The read/write strobe pulse signal rdwtstbzp13 is a signal that is activated in synchronization with burst operation commands (External=extyp8 & Internal=icasp61) whenever these signals are activated and as long as the burst length determined by the general MRS. That is, the rdwtstbzp13 signal is a signal that reports the time point of activation of an input/output sense amplifier used to sufficiently amplify data transmitted from the core region to the peripheral circuit and to transmit the amplified data to a data output buffer. After the data is amplified and transmitted, the rdwtstbzp13 signal is used to reset the data transmission lines of the peripheral circuit.
A pwrup signal is a signal for setting an initial value, which is first in a high level, goes to a low level, and then is kept in the low level.

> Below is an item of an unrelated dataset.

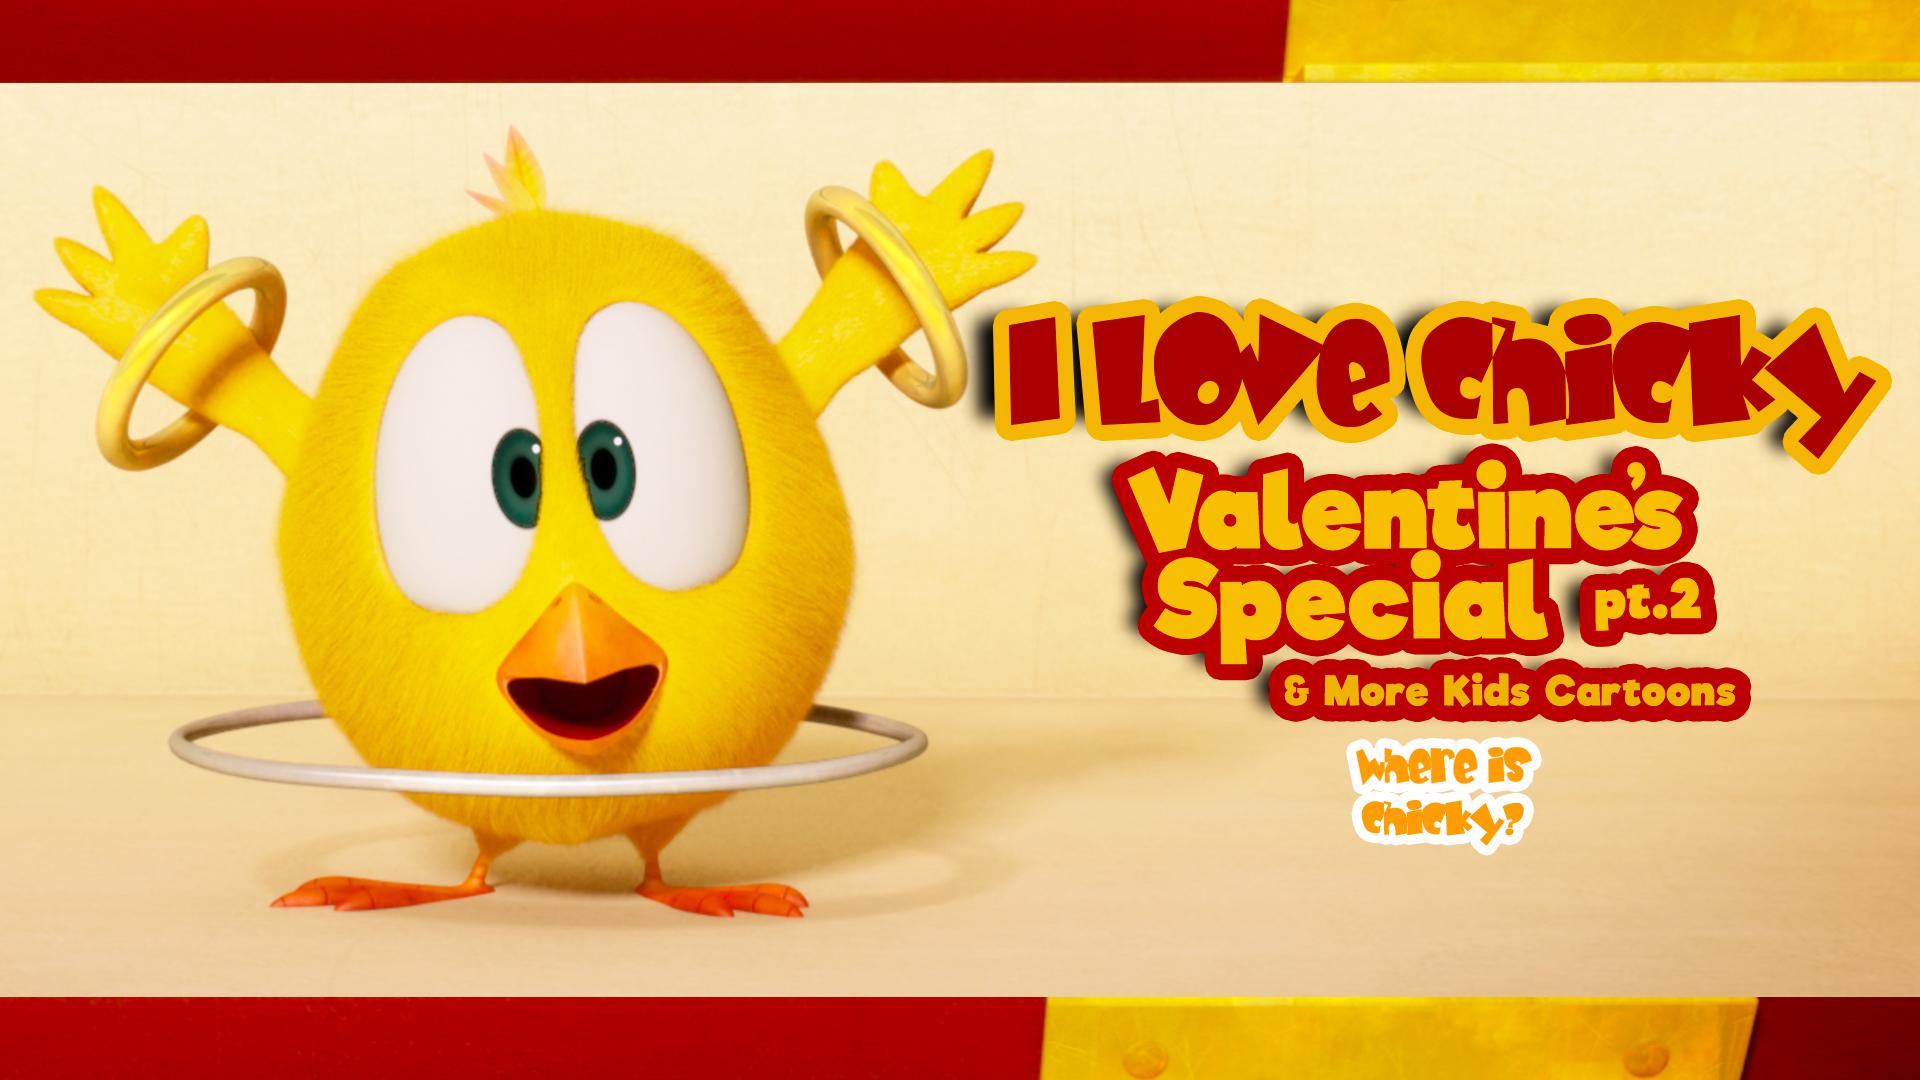 Chicky - I love Chicky Valentine's Special Pt.2 - & More Kids Cartoons

A term_z signal is a signal used in a test mode, and is kept in a low level during its normal operation. A tm_clkpulsez signal is a signal used in a test mode. The signals as described above will be explained in more detail later.
The operation of the circuit illustrated in FIG. 2a will now be explained with reference to a waveform diagram of FIG. 2b. 
As can be seen in FIG. 2b, if a read/write command is applied in synchronization with a clock signal, a pulse signal extyp8 is generated. If the extyp8 signal is generated, plural pulses icasp6 are sequentially generated in synchronization with the next clock. As illustrated in FIG. 2b, the read/write strobe pulse signal rdwtstbzp13 is generated in synchronization with a rising edge of the pulse signals extyp8 and icasp6.
It can be seen from the conventional circuit of FIG. 2a that a pulse width adjustment unit 200 for determining the pulse width of the read/write strobe pulse signal rdwtstbzp13 is fixed irrespective of the operating frequency of the memory device. That is, because a delay time obtained through a delay unit 20 of the pulse width adjustment unit 200 is fixed, the pulse width of the signal output from the pulse width adjustment unit 200 is just constant.
If the operating frequency of the memory device is varied, however, it becomes necessary to adjust the pulse width of the read/write strobe pulse signal rdwtstbzp13.
Conventionally, if the operating frequency of the memory device is varied, the delay time of the delay unit 20 is adjusted by correcting a metal option during a FIB work. However, this requires plenty of cost and time.
The conventional circuit also has the problems in that it is not easy to monitor the internal voltage of the memory device after a packaging process of the memory device.